#### ASSIGNED TASK:
Produce the lines from the one containing "レース スタート合図音 宇宙verの再生済みの波形" through the end of the material exactly as they appear, both ends included, and leave the pictures out.

#### RECORDED INFORMATION:
########################################
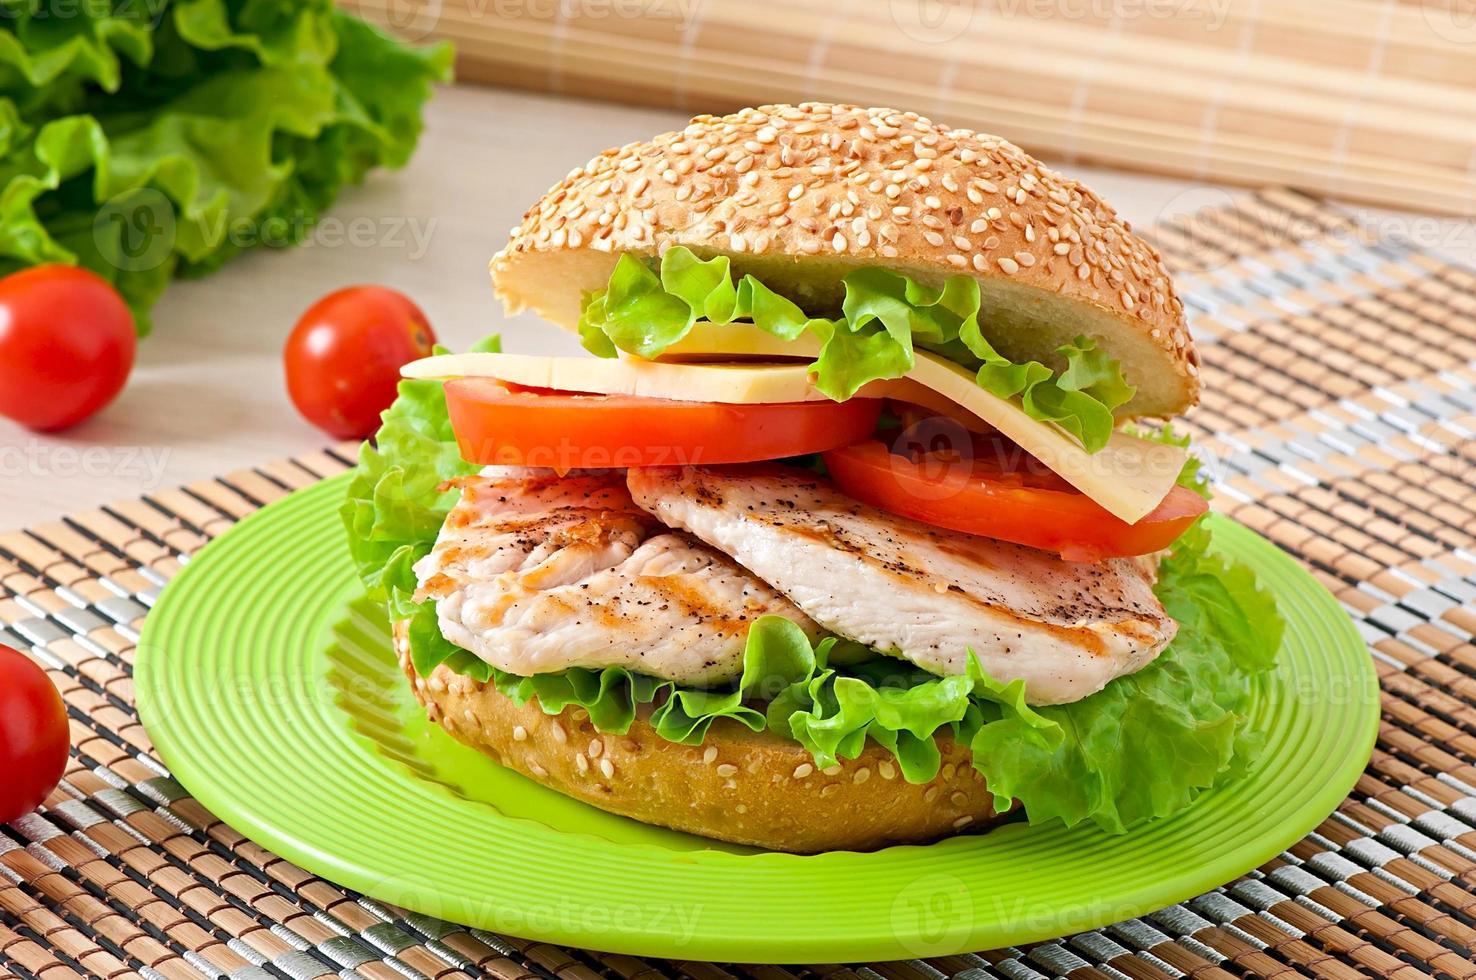 sandwich au poulet avec salade et tomate photo
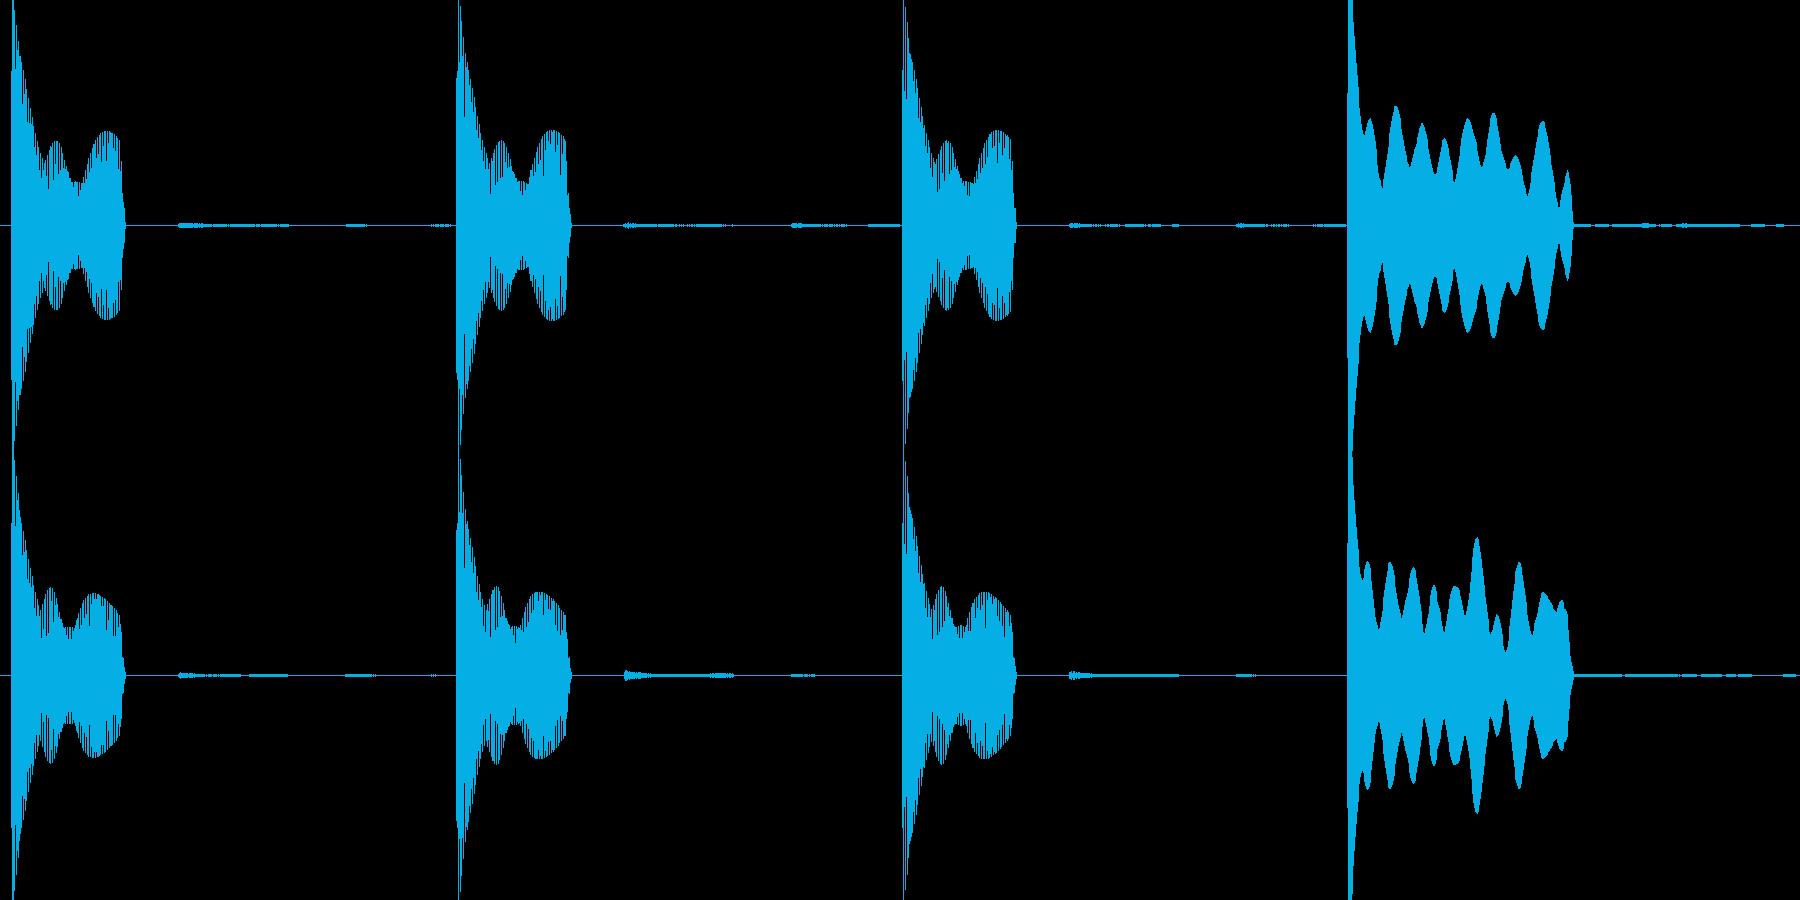 レース スタート合図音 宇宙verの再生済みの波形
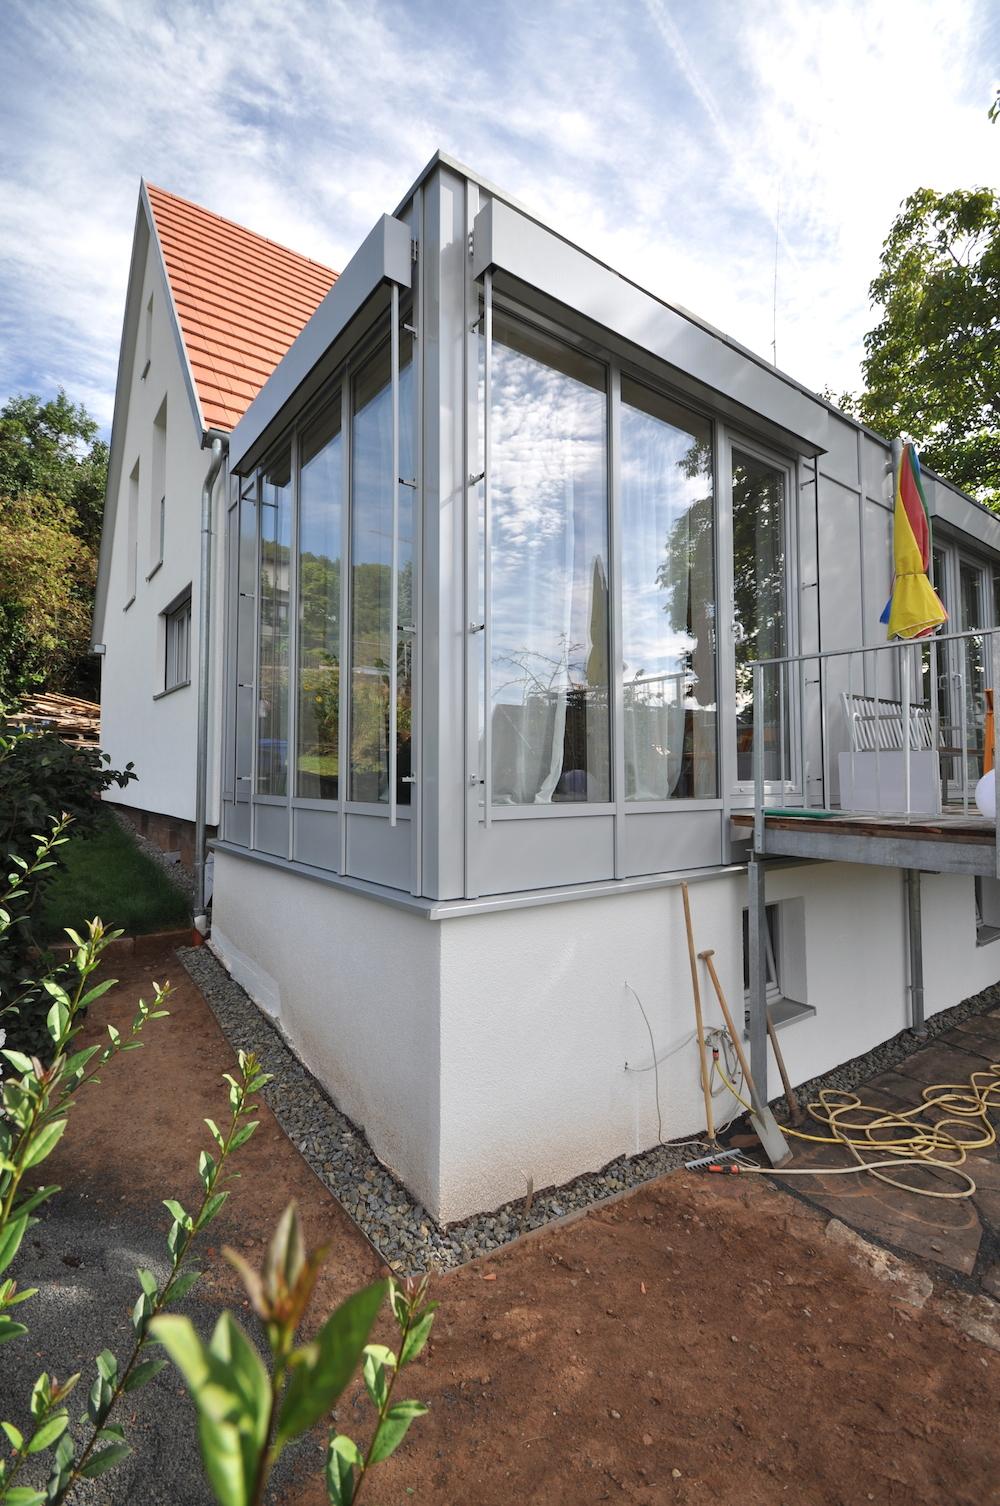 anbau mit wohnraum im modernen anbau mit glasdach with anbau mit kosten anbau haus bau net. Black Bedroom Furniture Sets. Home Design Ideas
########################################
#### RESPONSE TO THIS TASK:
 レース スタート合図音 宇宙verの再生済みの波形
 anbau mit wohnraum im modernen anbau mit glasdach with anbau mit kosten anbau haus bau net. Black Bedroom Furniture Sets. Home Design Ideas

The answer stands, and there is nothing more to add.